Matt Penneycard — founding partner at Ada Ventures

Saturn — London
Saturn is developing a world model for robotics, enabling a step change in simulation and training. The team is currently in stealth, and is made up of machine learning experts and a CEO on their second company.
Metris — London
Metris is building a platform for solar asset management for solar funds and operations and maintenance installers, reducing the inefficiencies of managing and maintaining energy portfolios.
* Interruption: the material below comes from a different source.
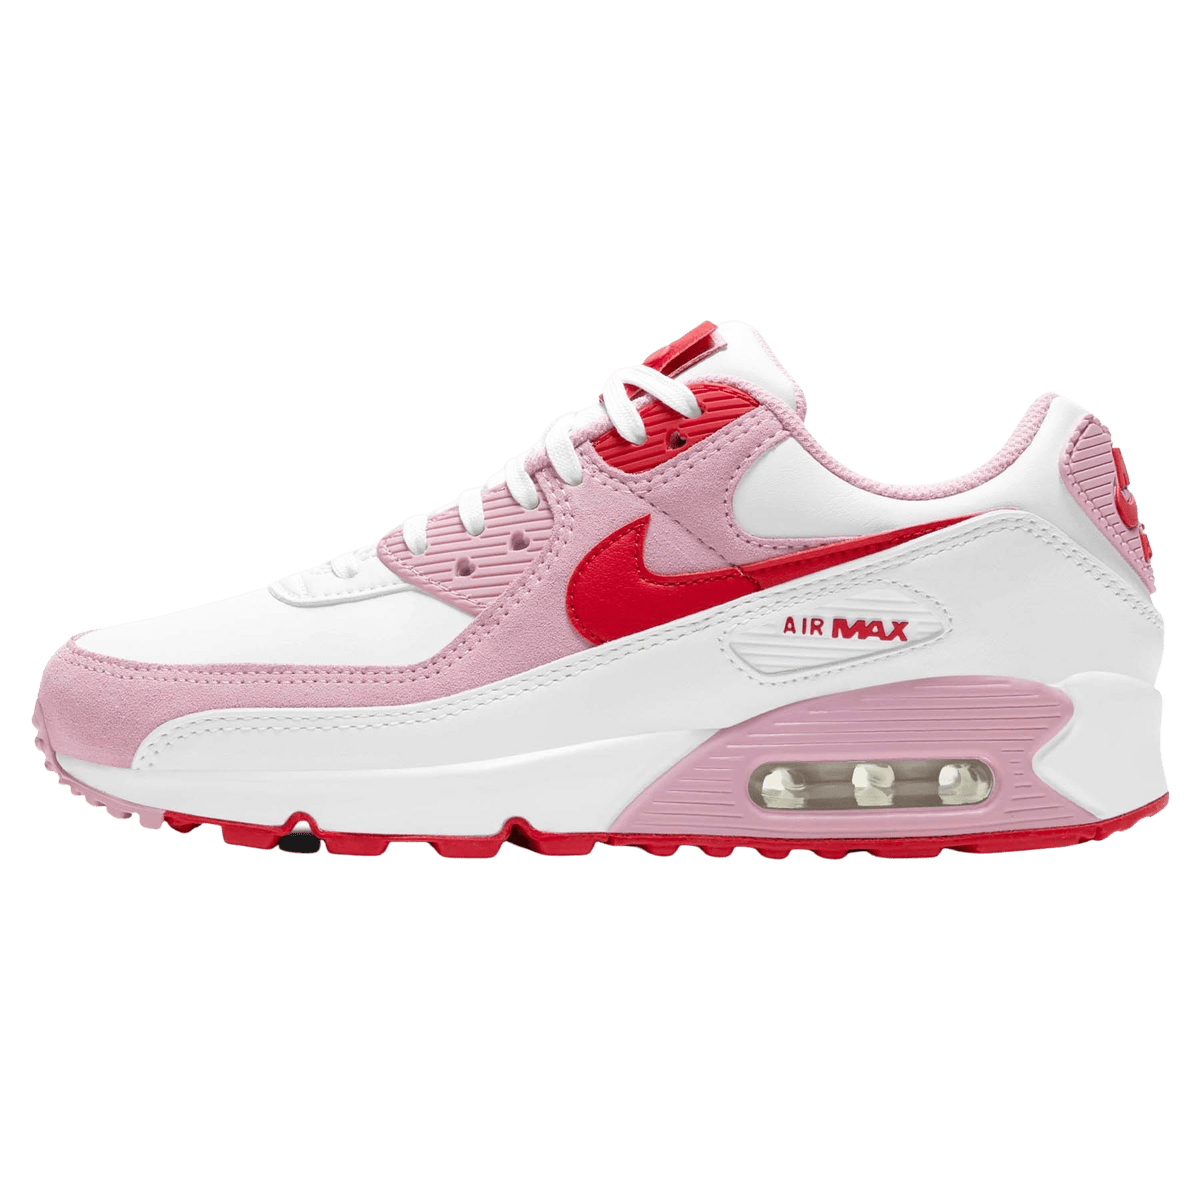 Nike Air Max 90 Wmns 'Valentine's Day' - Kick Game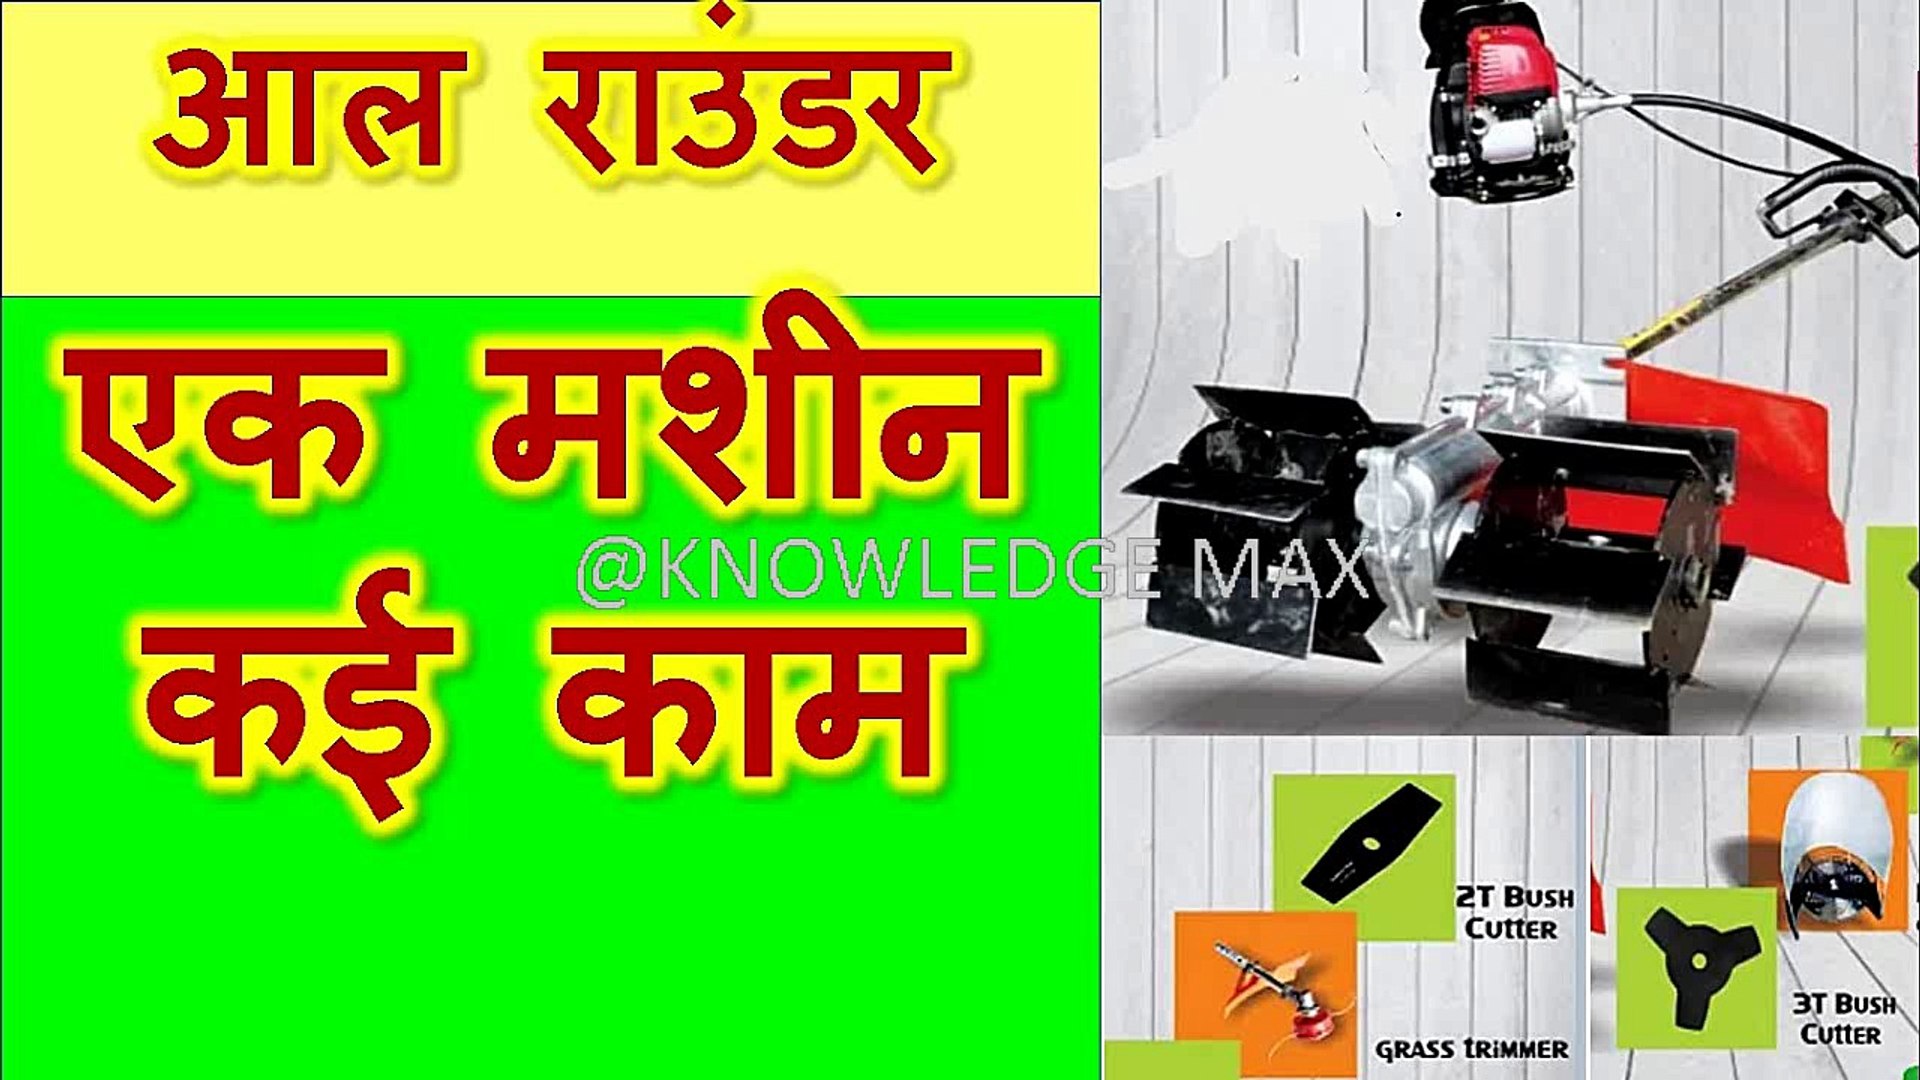 All Rounder - Agricultural Machines. Machines for Farmers

Penneycard also recommended Cascade.
Duncan Johnson — founding chief executive, Northern Gritstone

Veridox — Manchester
Veridox is developing an AI-powered image and document fraud detection platform designed to provide insurance investigators with explainable, court-ready insights. It recently raised a £1m seed round led by Outward VC and is currently testing its technology with large-scale insurance providers.
Crediflow AI — London
Crediflow is developing an AI-based corporate credit platform that allows banks, commercial lenders and private credit firms to automate the full corporate credit assessment process. The proprietary tool automates up to 90% of manual tasks, reducing the time to make lending decisions from days to minutes.
Voxelo.ai — Manchester
Voxelo is an AI-driven 3D content production platform, primarily targeting e-commerce and online brands to enable them to seamlessly generate lifelike 3D models by simply uploading images or videos of their products at up to 99% lower costs than traditional approaches.
Nazo Moosa — managing director at Paladin Capital Group
Geordie — London
As AI agents are deployed across businesses, solutions to govern their use and action chains and to secure them from threats like model hijacking and data poisoning will become critical. We’re excited by the holistic approach Geordie is taking with its AI governance platform to help organisations manage AI agent risks and observe their usage.
Stanhope AI — London
Stanhope AI is working to productise an AI system based on active inference, a theory within neuroscience which explains how brains learn and reason in real time. It’s aiming to build a system that learns on the fly and does not require pre-training, and in doing so represents a generational opportunity to invest in the future of robotics and artificial intelligence, bringing previously unseen technology to market.